WORK REQUIRED =>
Exclude the pictures, then repeat the remaining data exactly.

MATERIAL PROVIDED =>
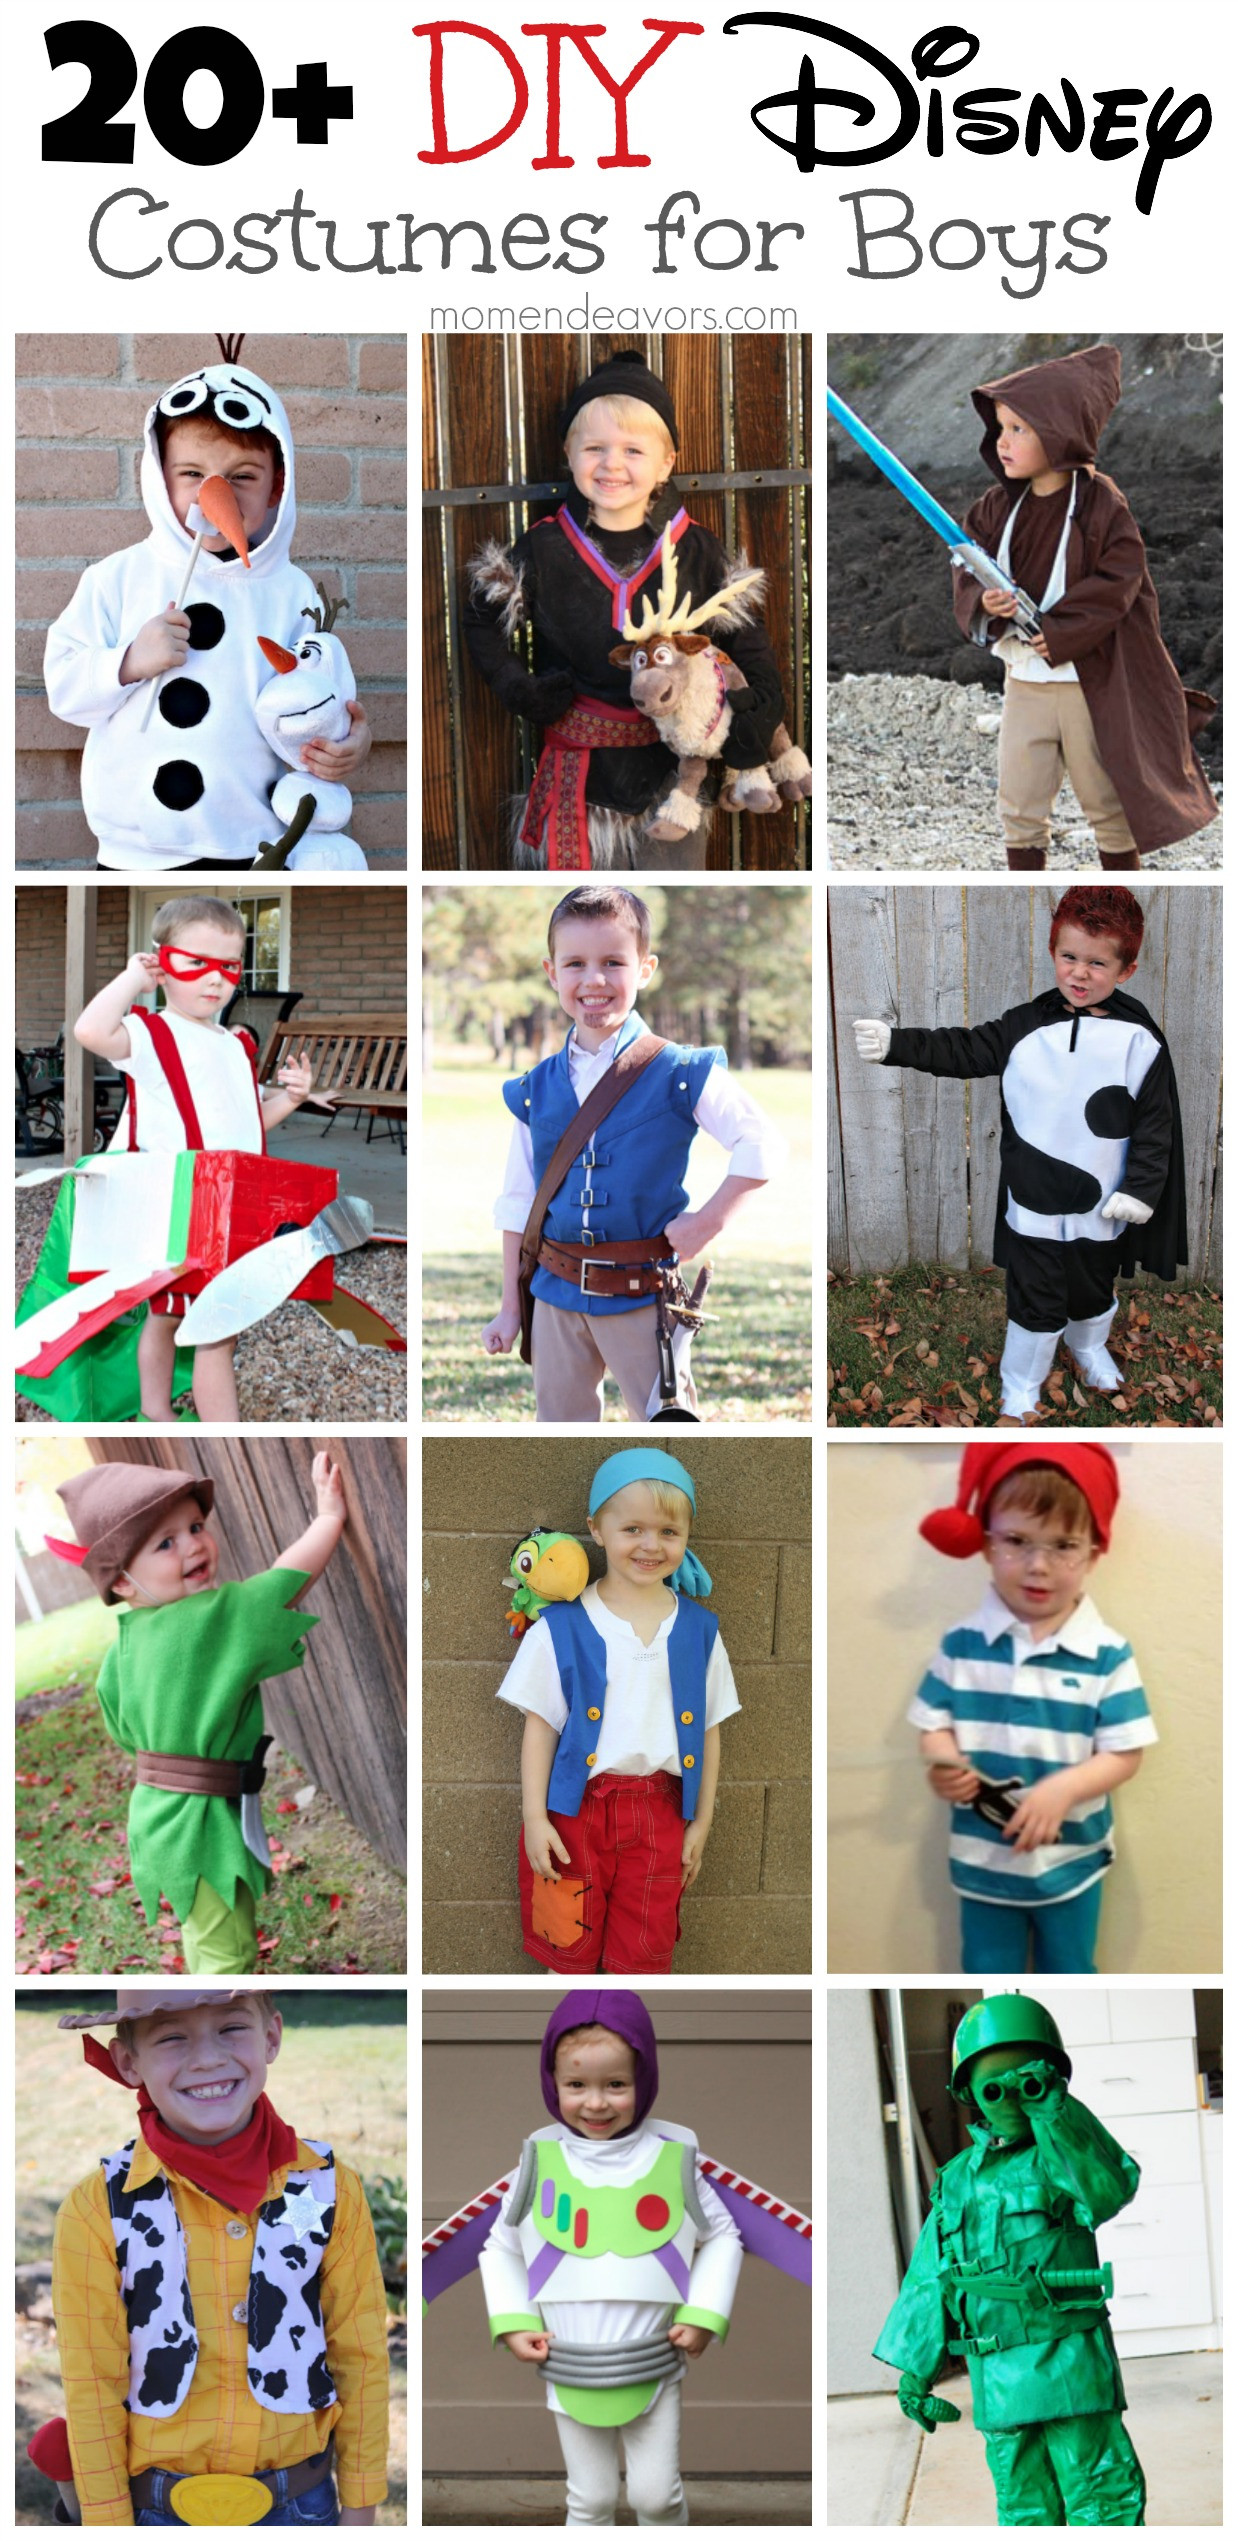 DIY Character Costumes
 DIY Disney Costumes for Boys
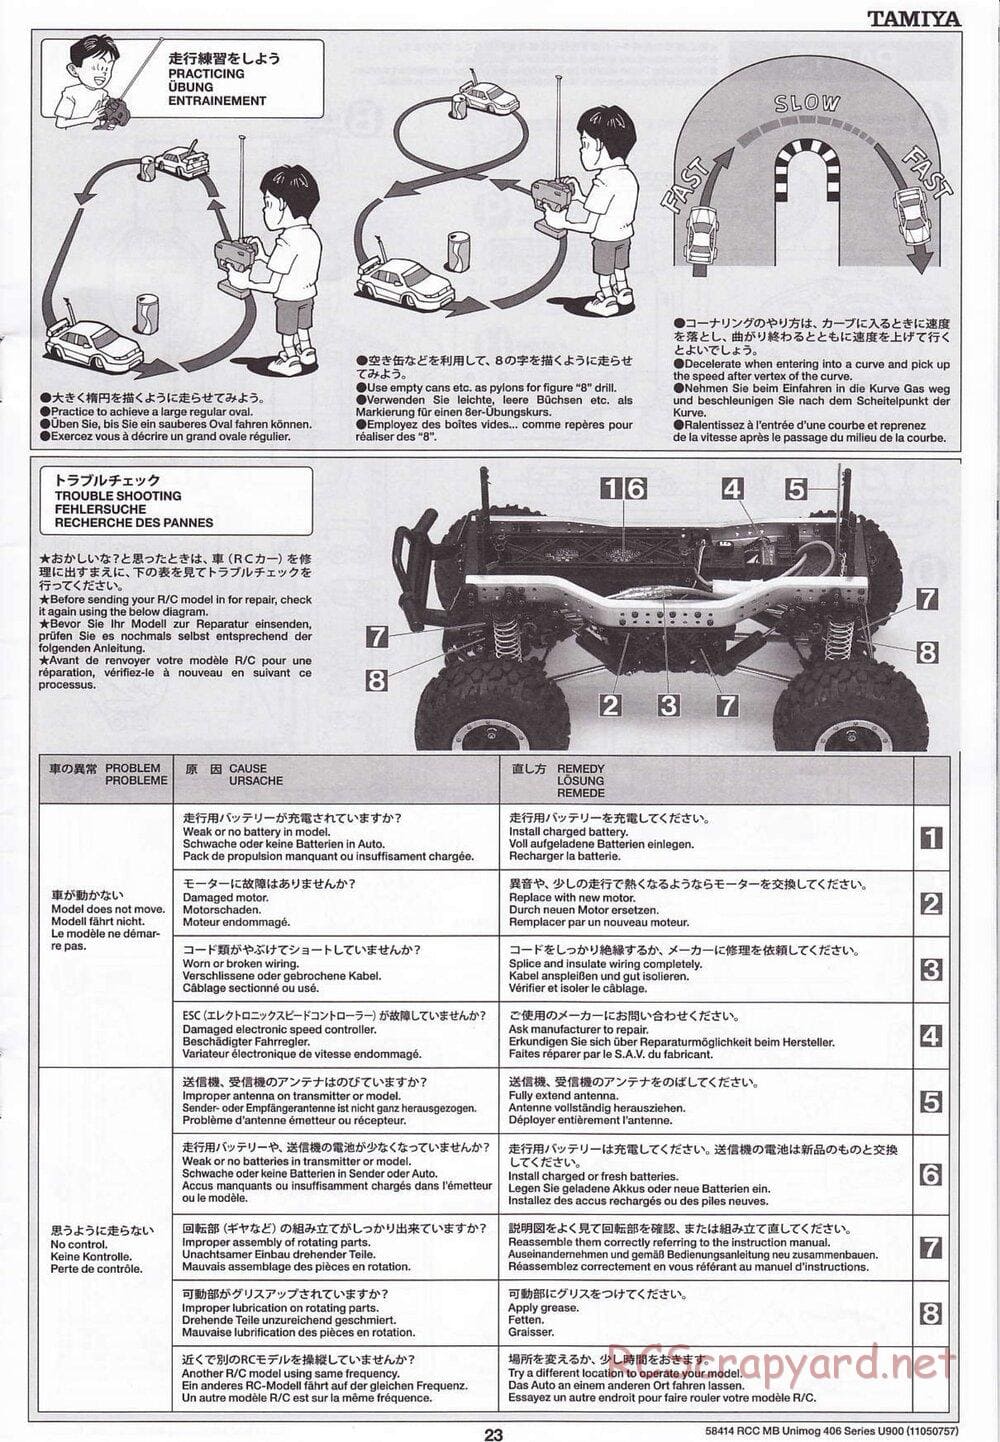 Tamiya - Mercedes-Benz Unimog 406 Series U900 - CR-01 Chassis - Manual - Page 23
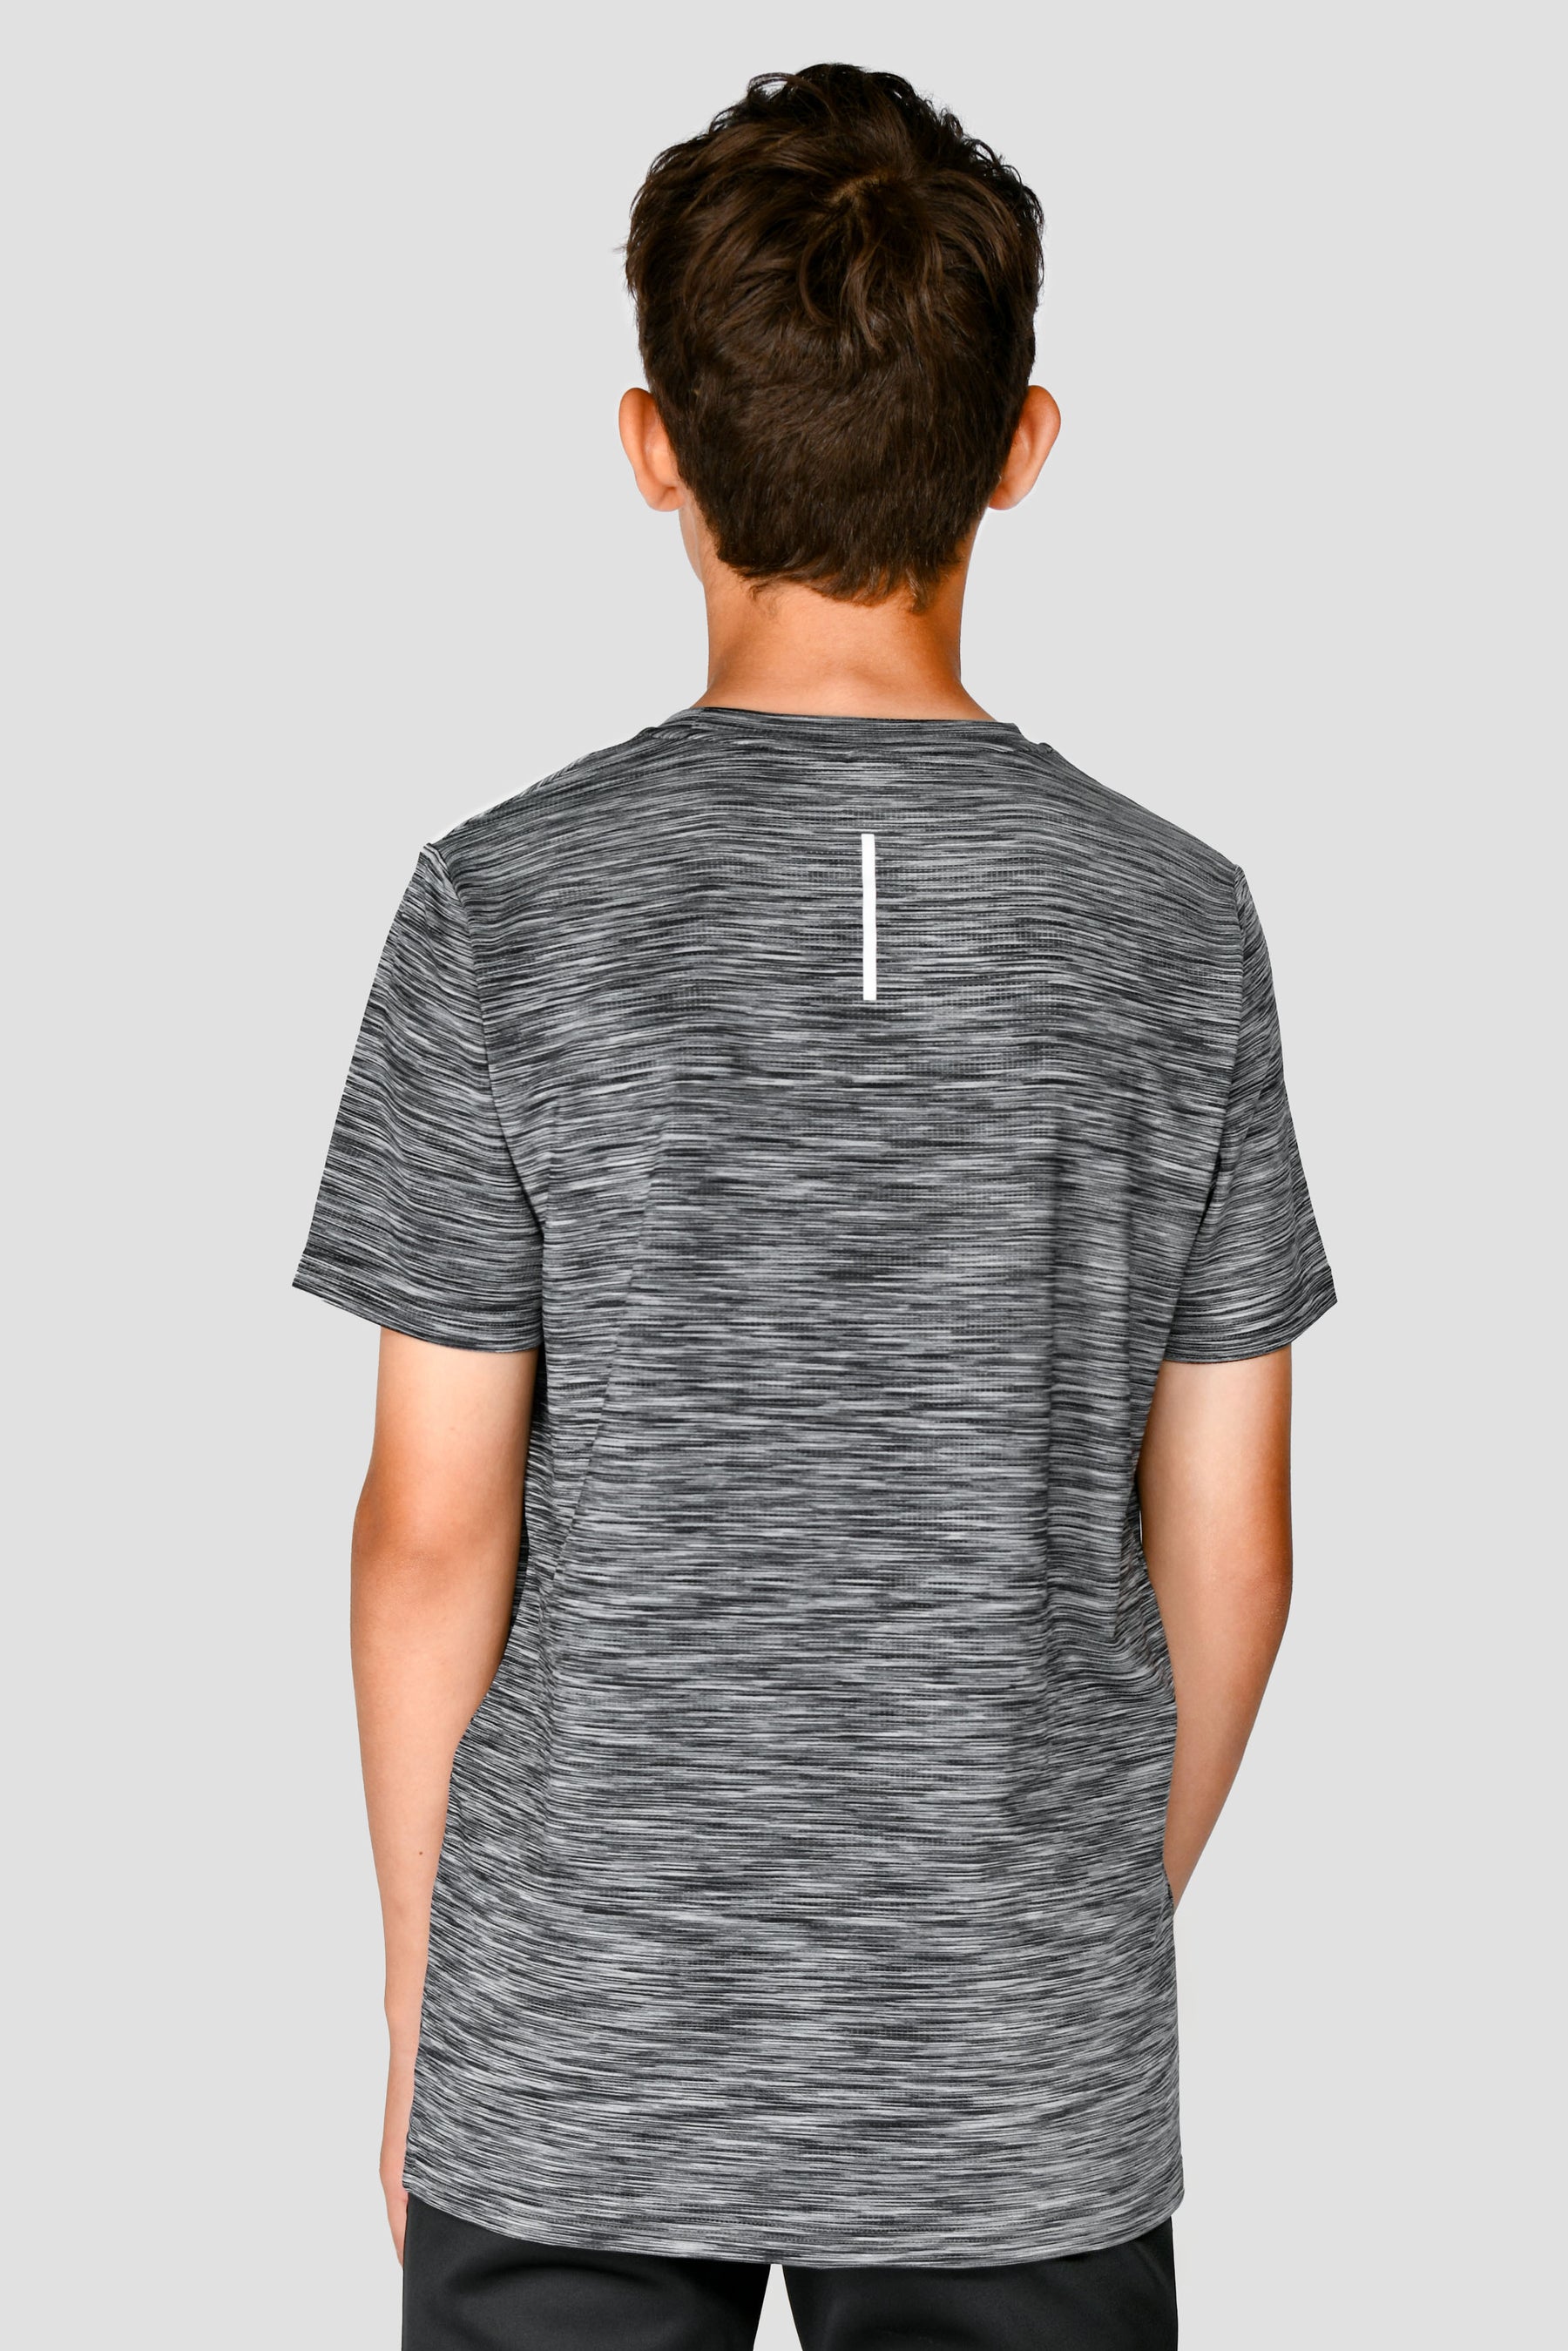 Junior Trail 2.0 T-Shirt - Black/Dark Slate Multi

REPLY TO THE TASK =>
 DIY Character Costumes
 DIY Disney Costumes for Boys
 Tamiya - Mercedes-Benz Unimog 406 Series U900 - CR-01 Chassis - Manual - Page 23
 Junior Trail 2.0 T-Shirt - Black/Dark Slate Multi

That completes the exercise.